December 21, 2009 by StockNod · Print This Article
A speculative economy and cloudy outlook in the financial markets has sent investors flocking to gold in 2009. Before you take the plunge with what’s left of your savings and investments, take a closer look at what’s making this metal shine.
Recent email inquiry from a Stocknod member “With the recent upheaval in the economy and forecasts of a “second bubble”, I want to shift more of our investments in our 401k into precious metals (gold/silver). My financial advisor scoffs at this thought — like I’m a weirdo “gold/precious metal bug,” and I’m not. I just want to protect our 401K after the disastrous hit it took last year. What are some funds I could buy?”
First let me say that investment managers shouldn’t be scoffing at anyone these days. And you don’t have to be a “weirdo gold bug” to benefit from buying precious metals. My concern with Gold as posted by several of my blogs is that investors have been piling into gold for good reason, and there’s nothing wrong with the logic behind the case for buying. Gold has traditionally done very well in times of financial upheaval because of its perceived as a “safe investment” that can do no wrong.
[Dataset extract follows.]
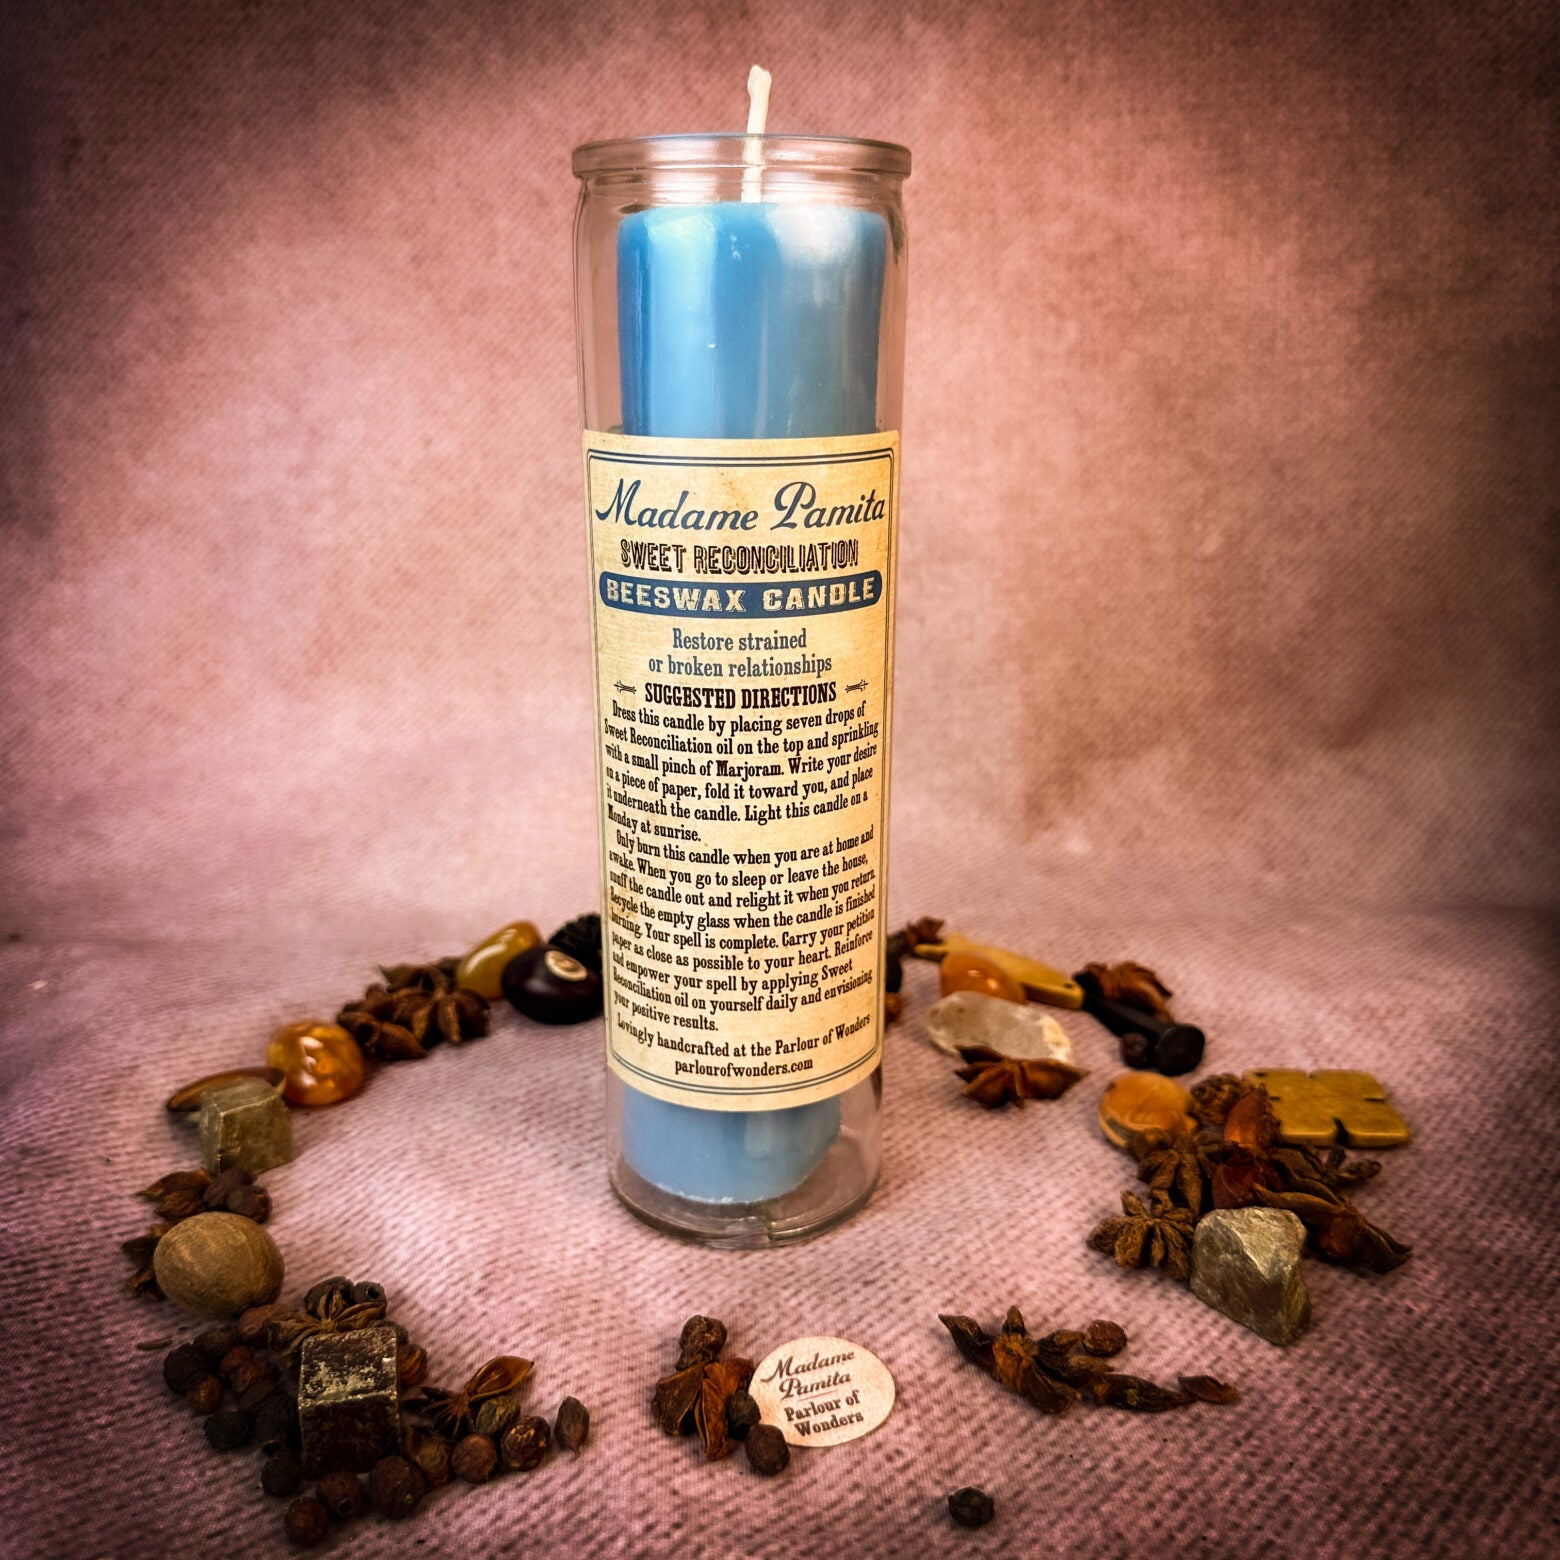 Madame Pamita Sweet Reconciliation Beeswax Vigil Candle

The price of gold typically rises when the value of US Dollar falls. Similar to a lot of commodities. As the Federal Reserve and U.S. government have flooded the world with paper money to try to revive the global economy, gold bulls argue that it’s only a matter of time before inflation returns. Surging prices for goods also push gold prices higher.
All of these conditions have helped spark big demand for gold, which creates additional upward pressure on prices. But keep in mind that gold prices can fall sharply with little notice. So while it may provide a useful hedge, it’s not a great place to stash your entire nest egg. Especially with prices already through the roof.
Investors who did so in the late 1970s learned the hard way why gold can be so risky. As inflation raged, gold prices doubled in the ten months that ended in October 1979. Governments appeared powerless to stop the corrosive price spiral. Interest rates remained high because anyone lending paper money worried about its rapid loss of value. By January, 1980, gold prices had doubled again to hit $850 an ounce.
The Fed’s unprecedented moves to keep short-term interest rates at zero by flooding the system with cash is certainly cause for concern.
There’s little evidence of inflation in the economy today; the large excess capacity in housing, manufacturing capacity and labor markets are creating a big damper on prices. But if central bankers wait too long to mop up all that money, it could spark a fresh outbreak of inflation.
If you’re worried about inflation, there may be better ways to hedge. The price of metals like copper will likely rise if the global economy picks up and demand increases, especially in the developing world. (The same is true for oil.) For individual investors, there are a number of funds or ETFs that offer you a diversified basket of commodities. Take a look at Pro Shares Ultra Gold EFF.